** THE RECORDS **
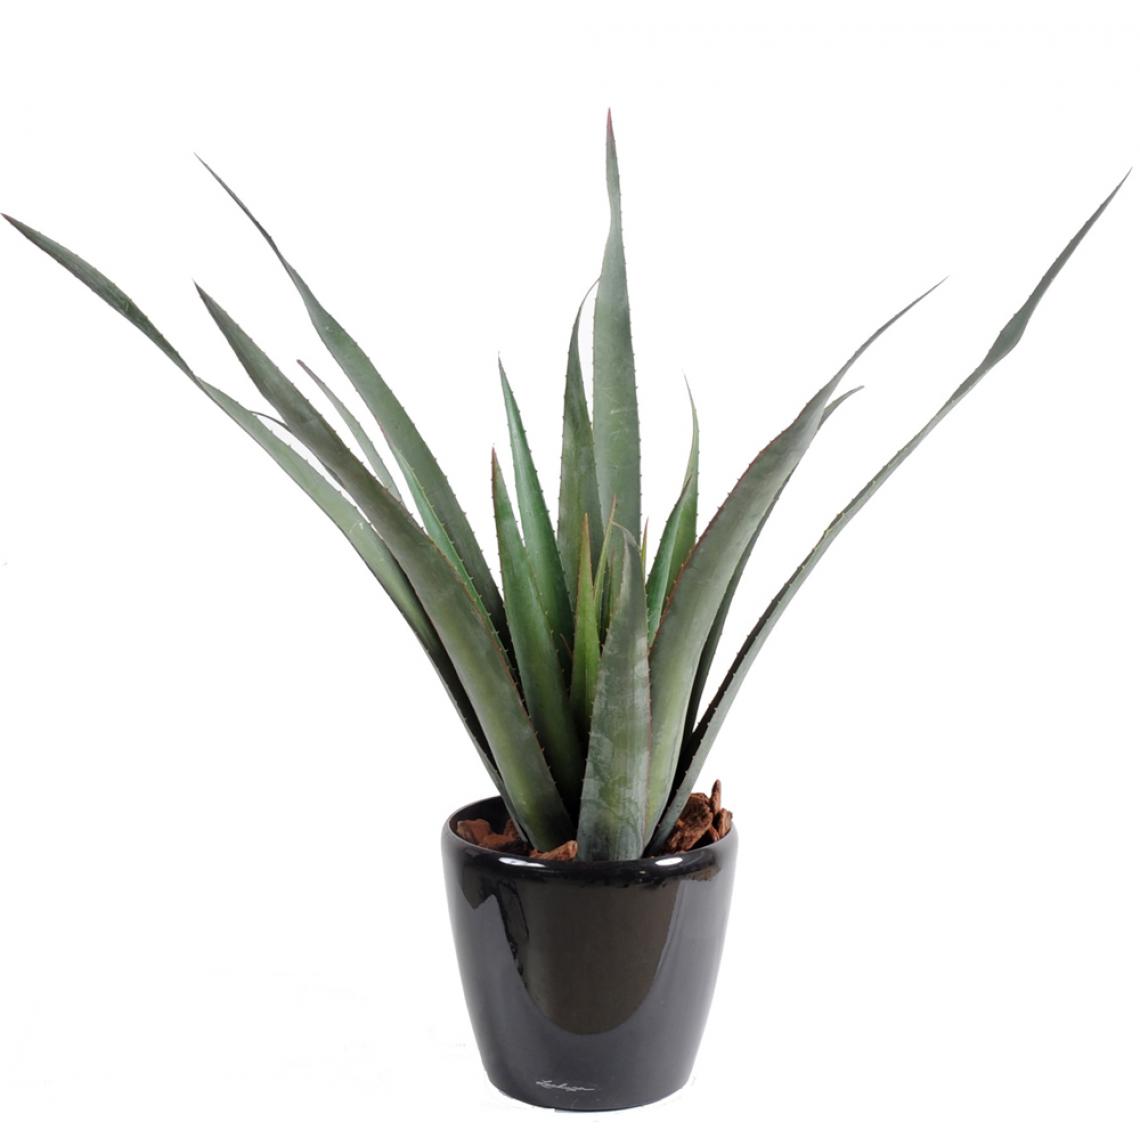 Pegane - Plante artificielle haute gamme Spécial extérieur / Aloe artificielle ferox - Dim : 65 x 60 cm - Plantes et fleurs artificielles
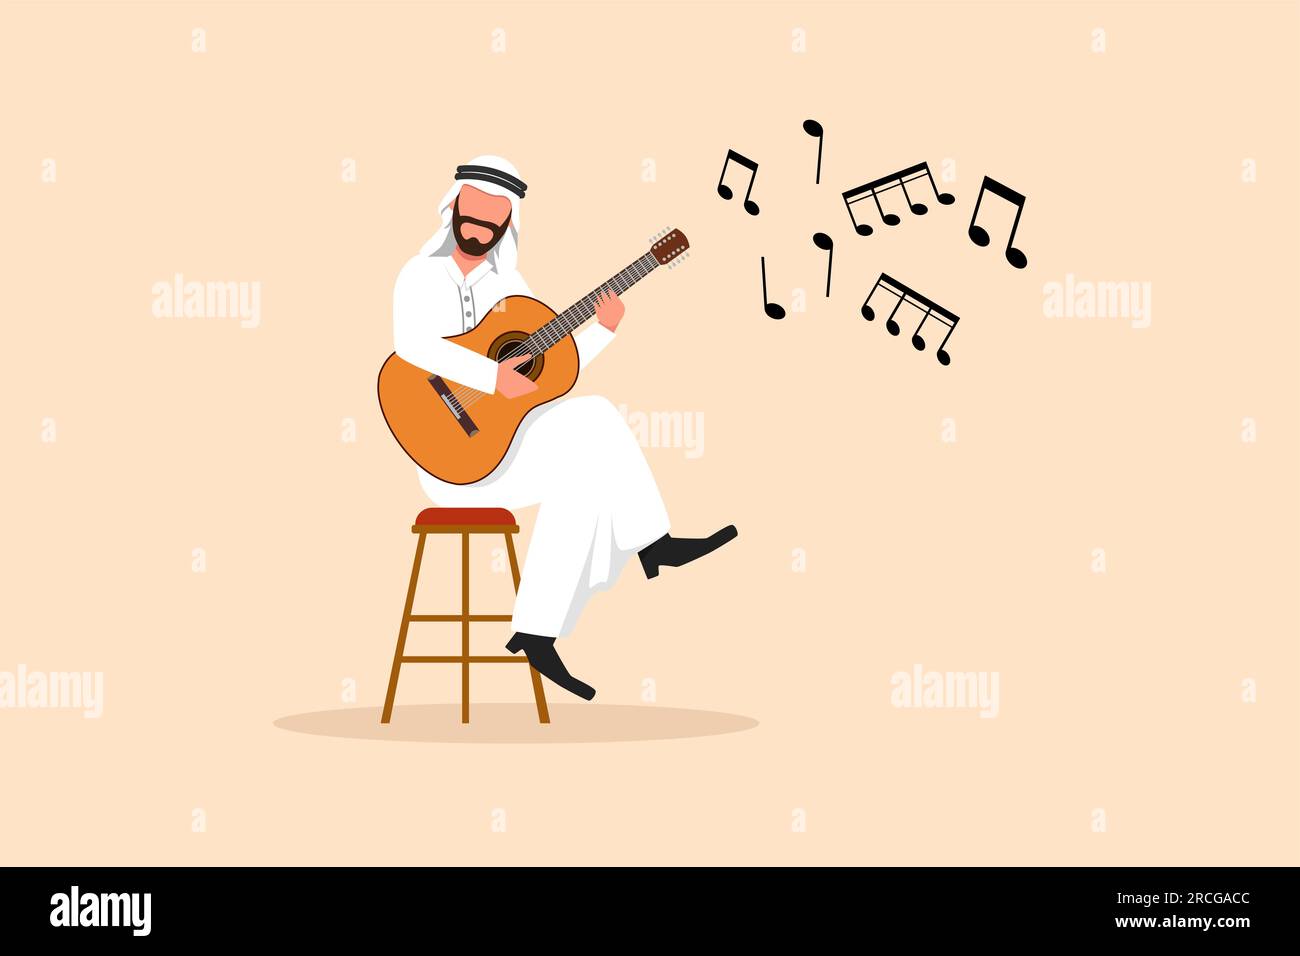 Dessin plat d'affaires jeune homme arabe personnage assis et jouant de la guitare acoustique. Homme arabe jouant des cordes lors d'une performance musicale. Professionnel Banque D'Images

==

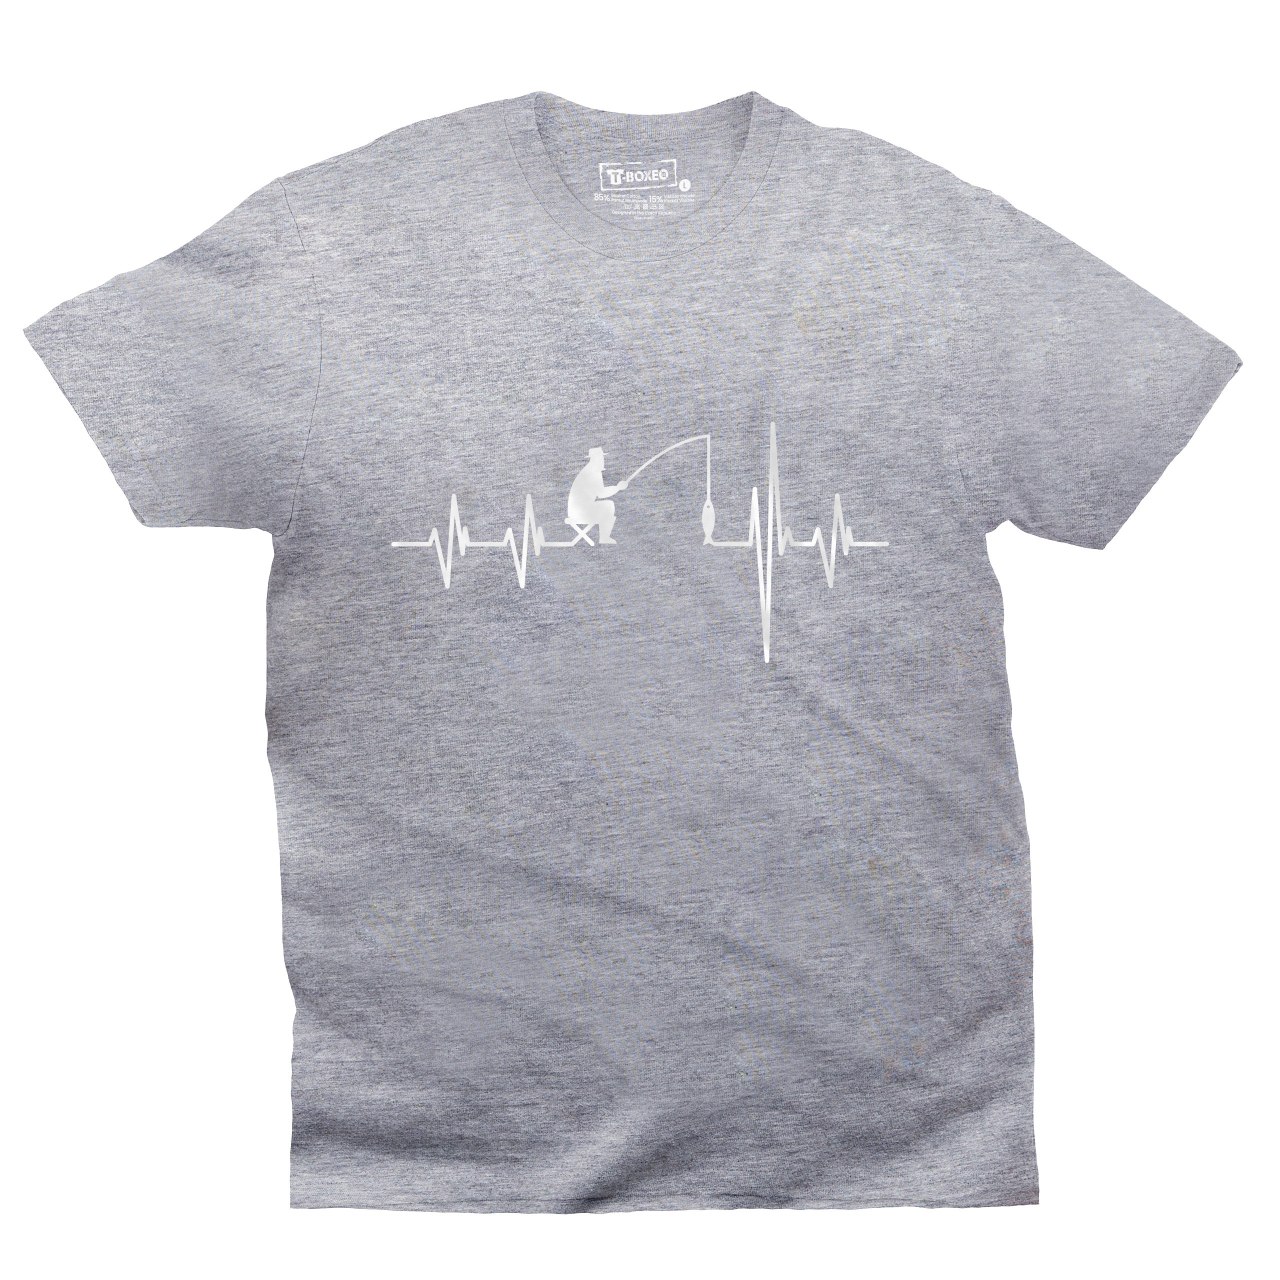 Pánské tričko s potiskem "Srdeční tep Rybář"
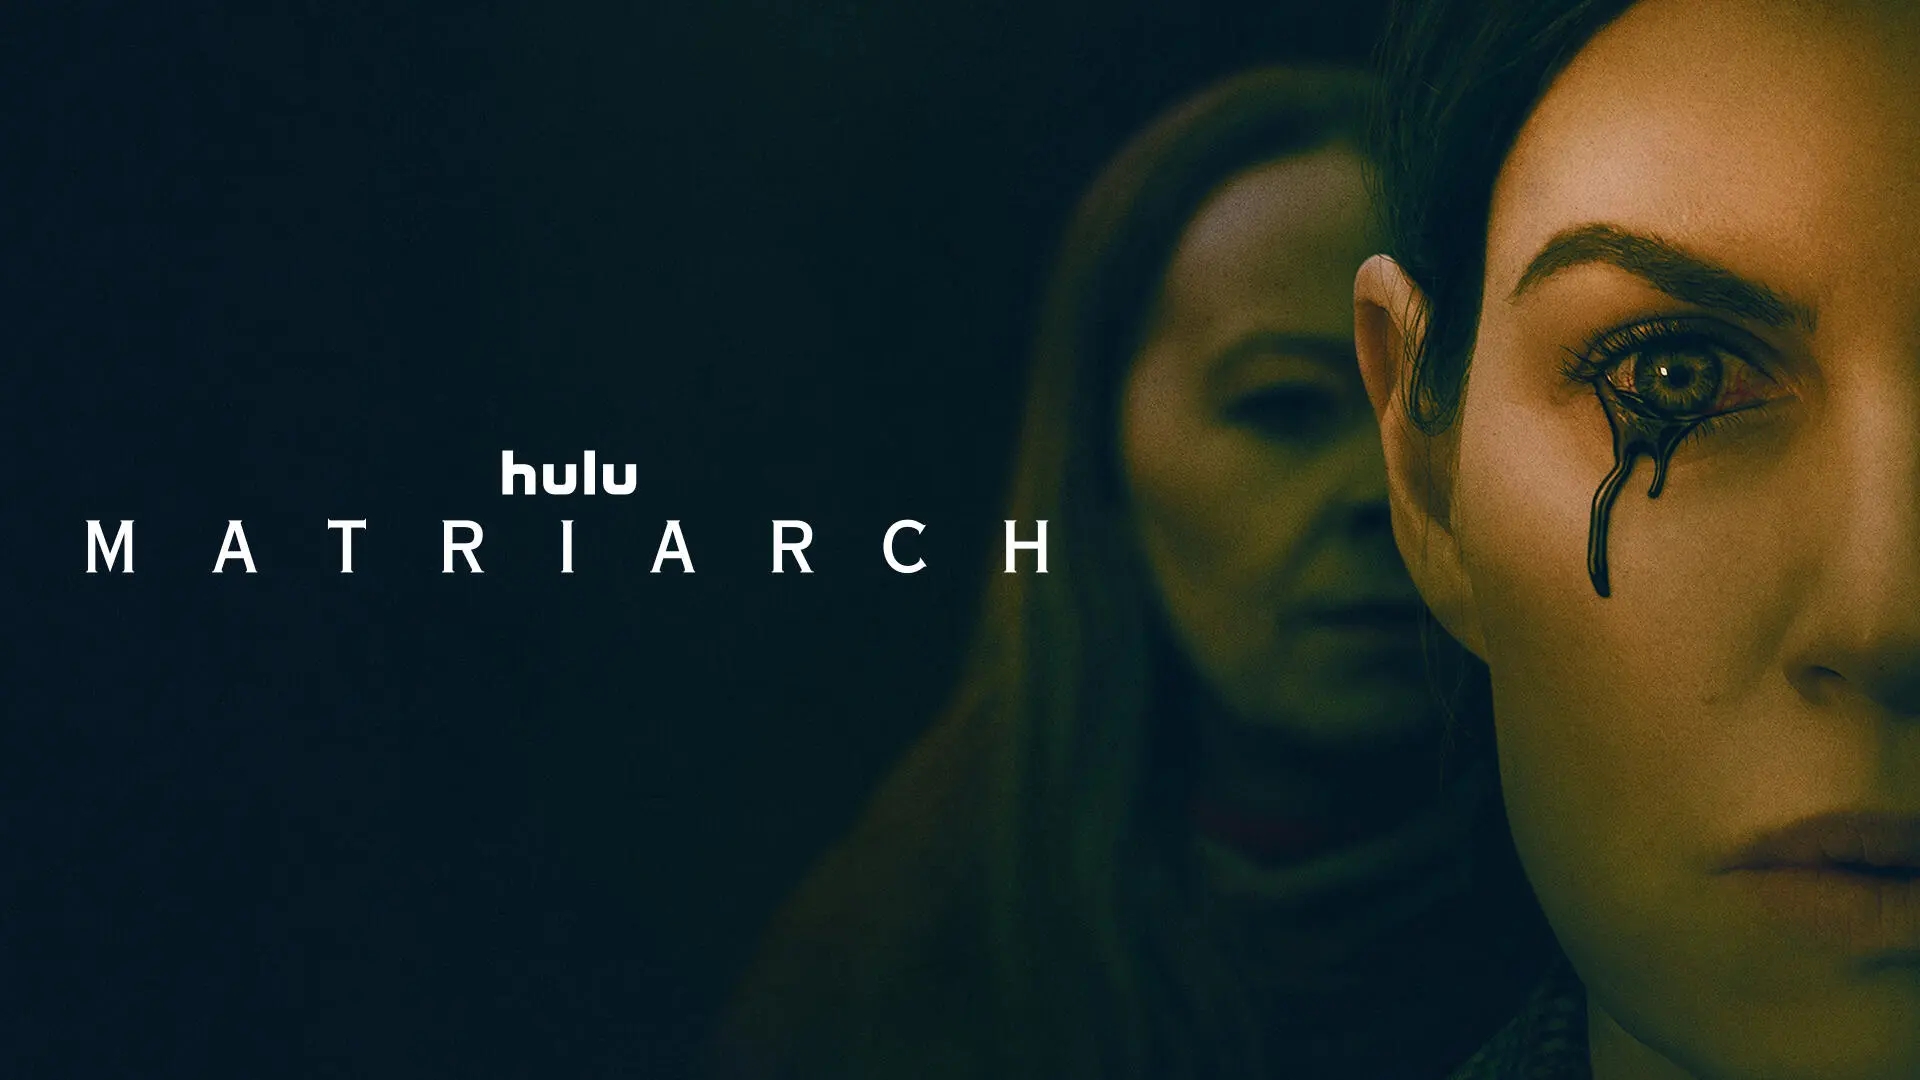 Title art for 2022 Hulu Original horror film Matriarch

** THE PROBLEM **
Only the lines above starting with the line with "Pegane - Plante" and going on through the line with "Dessin plat d'affaires" belong in the answer; repeat them exactly, minus any picture.

** WRITTEN RESPONSE **
 Pegane - Plante artificielle haute gamme Spécial extérieur / Aloe artificielle ferox - Dim : 65 x 60 cm - Plantes et fleurs artificielles
 Dessin plat d'affaires jeune homme arabe personnage assis et jouant de la guitare acoustique. Homme arabe jouant des cordes lors d'une performance musicale. Professionnel Banque D'Images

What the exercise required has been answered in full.